I. Standard of Review

Federal Rule of Criminal Procedure 58(g)(2)(13) provides the Court with jurisdiction over Defendant's appeal. When considering an appeal from a magistrate judge's judgment of conviction, "[t]he scope of the appeal is the same as in an appeal to the court of appeals from a judgment entered by a district judge." Marquez, 2013 U.S. Dist. LEXIS 145584, at *9 (quoting Fed. R. Crim. P. 58(g)(2)(D)). The Court reviews the questions of law de novo and "accepts the Magistrate Judge's factual determinations, unless clearly erroneous." Marquez, 2013 U.S. Dist. LEXIS 145584, at *9 (citing Gandia, 424 F.3d at 261).

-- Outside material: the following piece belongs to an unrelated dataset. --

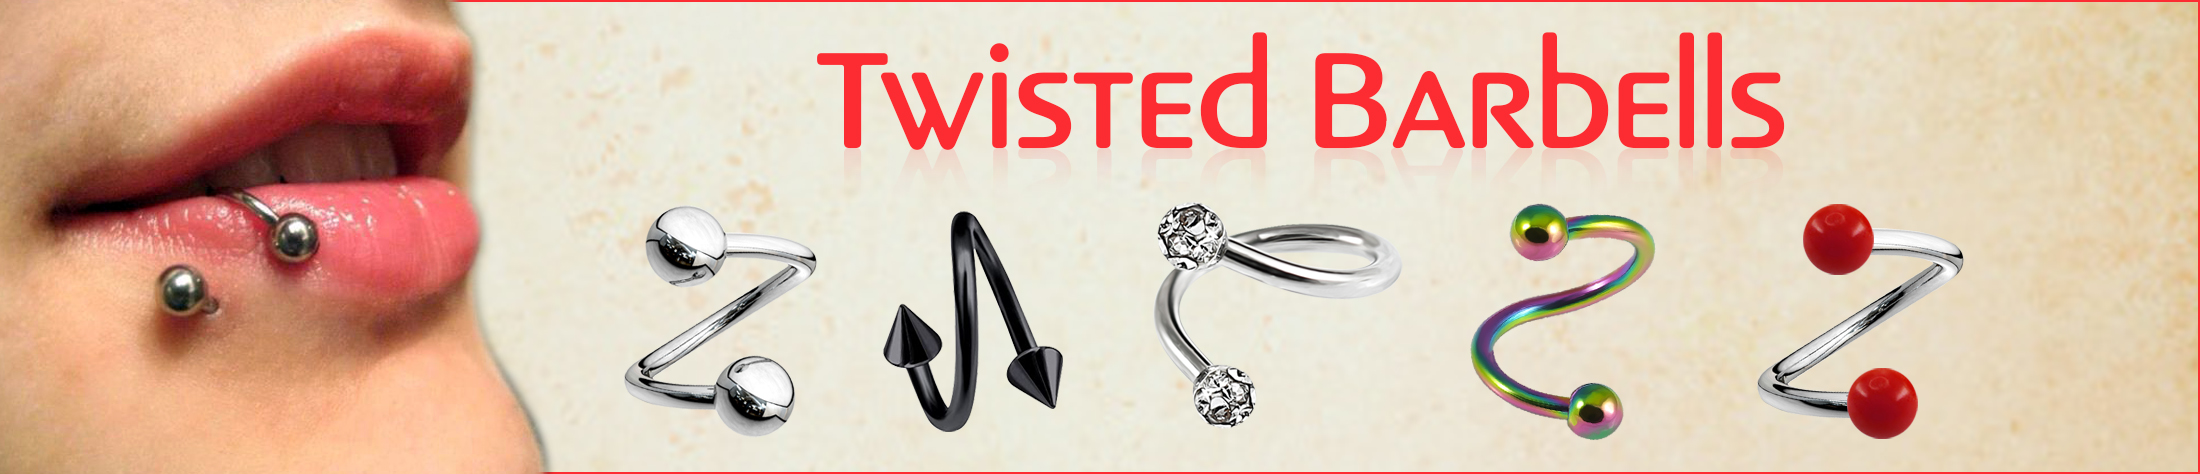 Wholesale Twisted Barbells

II. The Basis for Defendant's Appeal

The Defendant's appeal is premised on the grounds that he received ineffective assistance of counsel from his trial counsel in that, despite being issued an Order by Magistrate Lindsay prior to trial permitting the testimony of a defense expert who had concluded that White's wrist injury was "chronic, " and therefore, sustained prior to the incident with the Defendant, trial counsel failed to call the expert to testify. (Def. Br. 2.) According to the Defendant, the expert testimony, if credited, would have negated White's claim that the Defendant's contact was "offensive." (Def. Br. 2.) The Defendant asserts that such failure by trial counsel warrants a new trial or, in the alternative, an evidentiary hearing as to whether the Defendant received effective assistance of counsel.

The Defendant, however, misapprehends the elements of a simple assault. 18 U.S.C. Section 113(a)(5) "criminalizes [s]imple assault, ' a term grounded in common law." United States v. Delis, 558 F.3d 177, 180 (2d Cir. 2009). The Second Circuit has construed simple assault to include a "completed common-law battery, " id. at 181, which is defined as the unlawful application of force to the person of another, ' including an offensive touching." Id. at 180 (citation omitted). Since common-law battery does not require a specific intent to injure, the Second Circuit has held that "conviction under § 113(a)(5) for conduct constituting common-law battery does not require any finding of specific intent to injure." Id. at 183; see also United States v. Hawkins, No. 07-CR-355, 2008 U.S. Dist. LEXIS 5366, at *11 n.4 (E.D.N.Y. Jan. 23, 2008) (finding that "neither physical injury nor intent to cause it is an element" of simple assault). Nor does a conviction for simple assault require a finding that the victim was actually injured. See United States v. Hawkins, 303 Fed.App'x 17, 18 (2d Cir. 2008) (affirming district court's conviction of simple assault).

Based on the foregoing, since neither an intent to injure nor actual physical injury is required for a conviction of simple assault, the fact that Defendant's trial counsel failed to call an expert witness to testify as to the source of White's injuries does not constitute ineffective assistance of counsel. Nor is it reversible error. All that was required to convict the Defendant was proof that he committed an offensive touching. The record supports that finding. The judgment of conviction issued by Magistrate Judge Lindsay is accordingly affirmed.


For the foregoing reasons, Defendant's conviction for simple assault in violation of 18 U.S.C. § 113(a)(5) is affirmed.